Вокруг света за 80 дней. Михаил Строгов - Страница 99


К оглавлению

99

Строгов прислушивался к этим разговорам, чтобы при необходимости воспользоваться полученными сведениями.

– Ярмарку закроют! – крикнул кто-то.

– Нижегородский полк только что получил приказ выступить! – откликнулся другой.

– Говорят, неприятель угрожает Томску!

– Вон идет начальник полиции! – вдруг раздалось отовсюду.

Оглушительный гомон разом поднялся со всех сторон, потом он мало-помалу стих и наступила абсолютная тишина. Всеми овладело предчувствие, что сейчас от властей последует какое-то важное сообщение.

Начальник полиции с группой своих сослуживцев только что вышел из дворца генерал-губернатора. Его сопровождал отряд казаков, они расчищали себе дорогу в толпе, щедро раздавая мощные тумаки, принимаемые со смирением.

Выйдя на середину площади, где его мог видеть каждый, с депешей в руках, начальник полиции громким голосом прочел следующую декларацию:

– Распоряжение губернатора Нижнего Новгорода. Пункт первый: всем русским подданным запрещается покидать губернию с какой бы то ни было целью. Пункт второй: всем инородцам азиатского происхождения покинуть губернию в двадцать четыре часа.

Глава VI. Брат и сестра

Эти меры, крайне неприятные с точки зрения многих частных интересов, учитывая сложившееся положение, были абсолютно оправданы.

«Всем русским подданным запрещается покидать губернию» – итак, если Иван Огаров еще здесь, это помешает ему присоединиться к Феофархану или, по крайней мере, создаст для него большие затруднения: стало быть, есть надежда, что предводитель азиатского воинства лишится столь грозного помощника.

«Всем инородцам азиатского происхождения покинуть губернию в двадцать четыре часа» – значит, можно одновременно избавиться от торговцев, нахлынувших сюда из Средней Азии, а заодно от разношерстных цыган, также привлеченных ярмаркой и находящихся в более или менее тесной связи с азиатскими и монгольскими народностями. Здесь что ни человек, то шпион, так что их выдворение при сложившейся ситуации, разумеется, необходимо.

Однако нетрудно представить, что такие два пункта обрушились на Нижний, неизбежно оказавшийся под ударом больше, нежели любой другой город, подобно двум молниям.

Выходило так, что русские подданные, приехавшие сюда по торговым делам из Сибири, лишались, по крайней мере, на время, возможности вернуться домой. Запрет, сформулированный в первом пункте распоряжения, был категоричен, он не допускал исключений.

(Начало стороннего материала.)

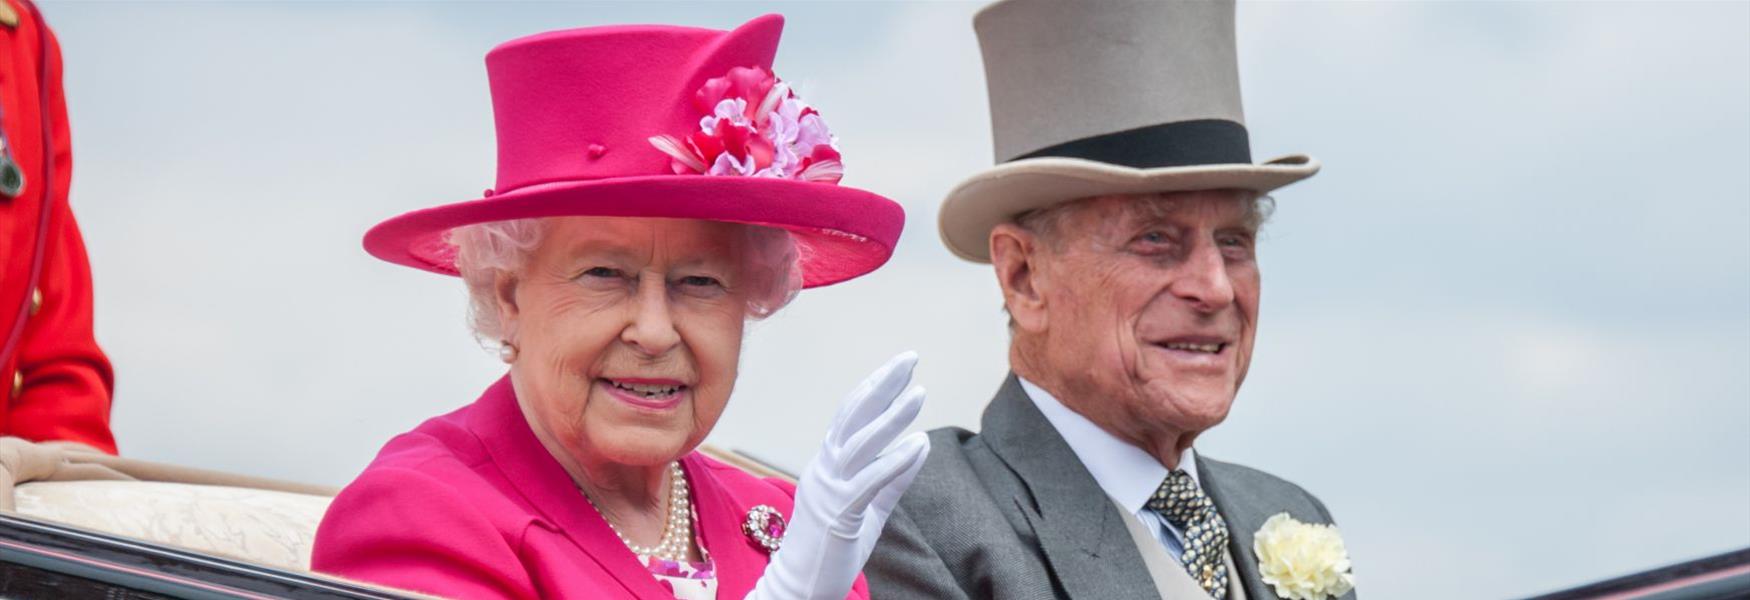 Queen Elizabeth II and The Duke of Edinburgh travel to Royal Ascot © Gill Aspel 2015
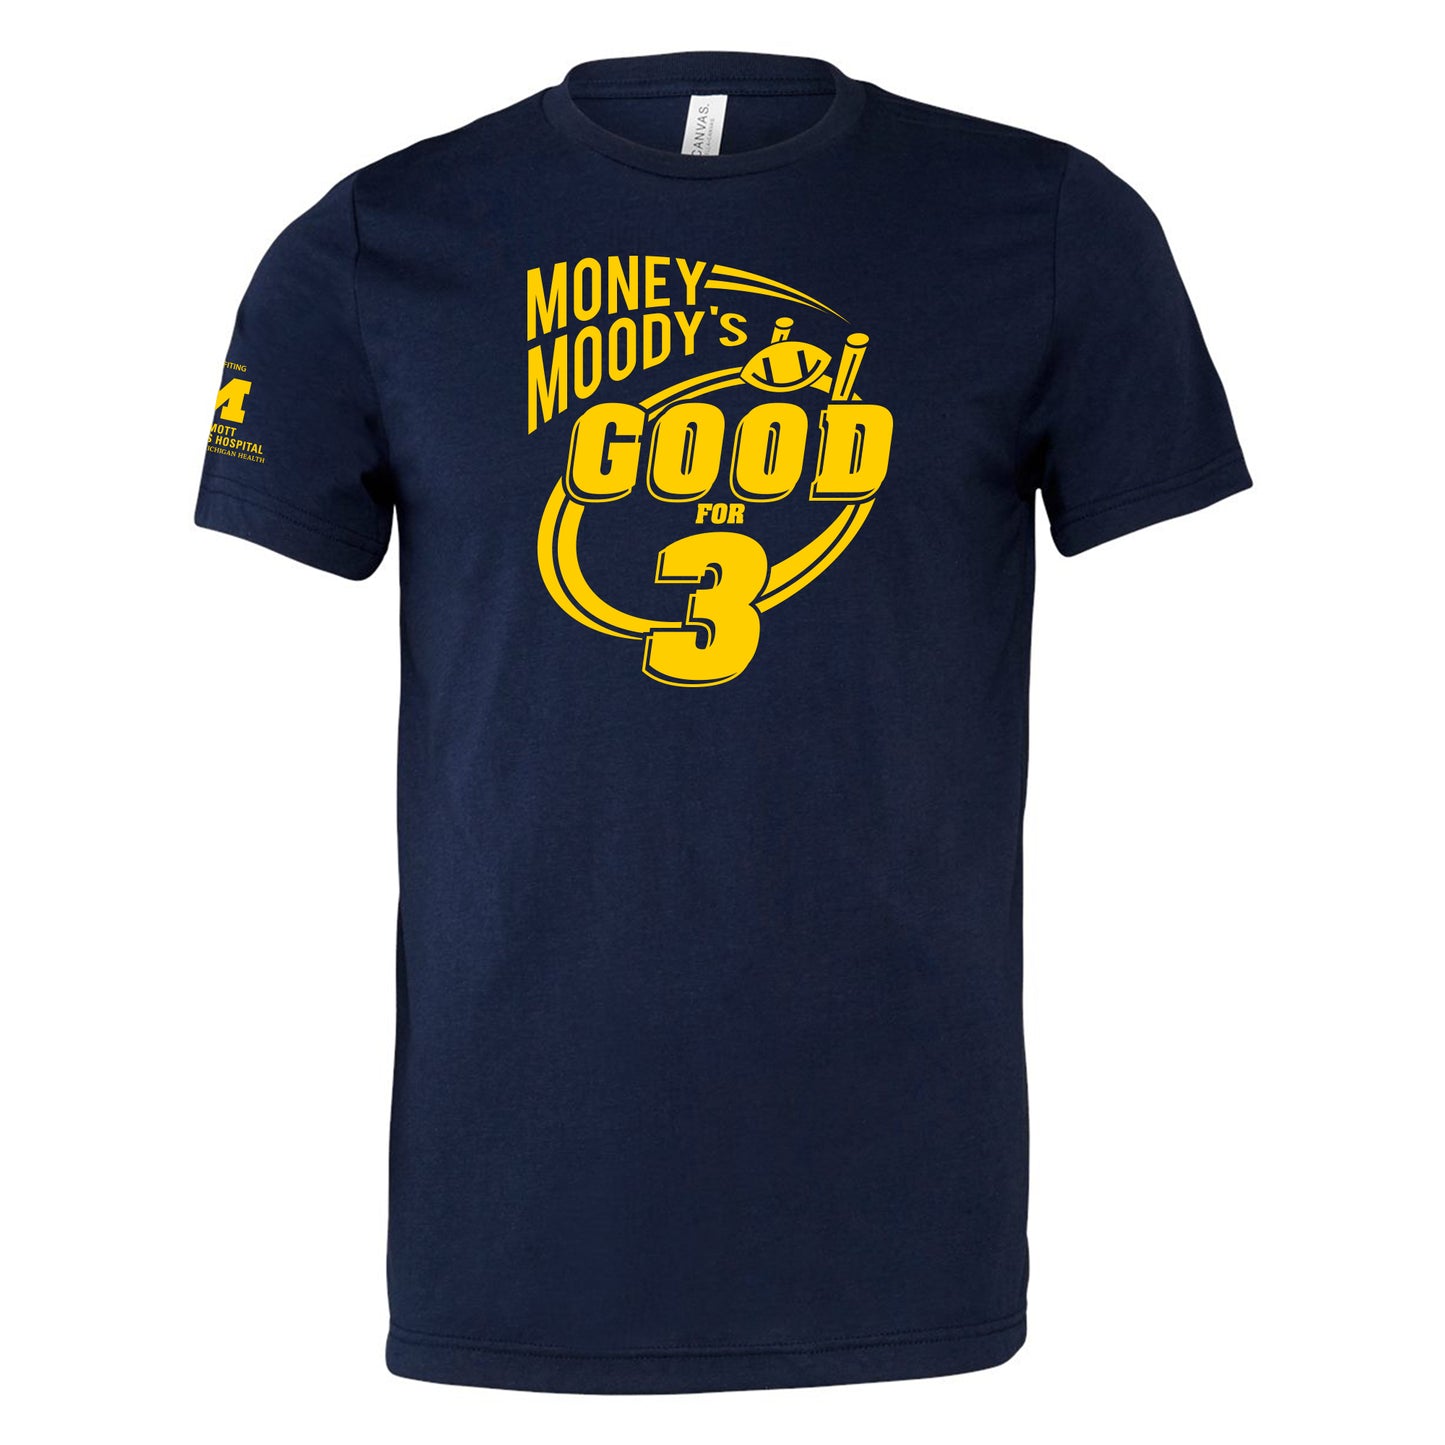 Good For 3 T-Shirt - Navy

Всякие частные интересы должны были отступить перед государственными соображениями.

Что до второго пункта, приказ о выдворении звучал столь же безапелляционно. Он, правда, касался не всех иностранцев, а лишь уроженцев Азии, но последним не оставалось иного выхода, как упаковать свои едва распакованные товары и пуститься в дальнюю дорогу, которую они только что прошли. А всем этим бродячим гимнастам, которых собралось множество, чтобы добраться до ближайшей границы, предстояло одолеть около тысячи верст. Краткий срок, для этого назначенный, сущая беда в их положении!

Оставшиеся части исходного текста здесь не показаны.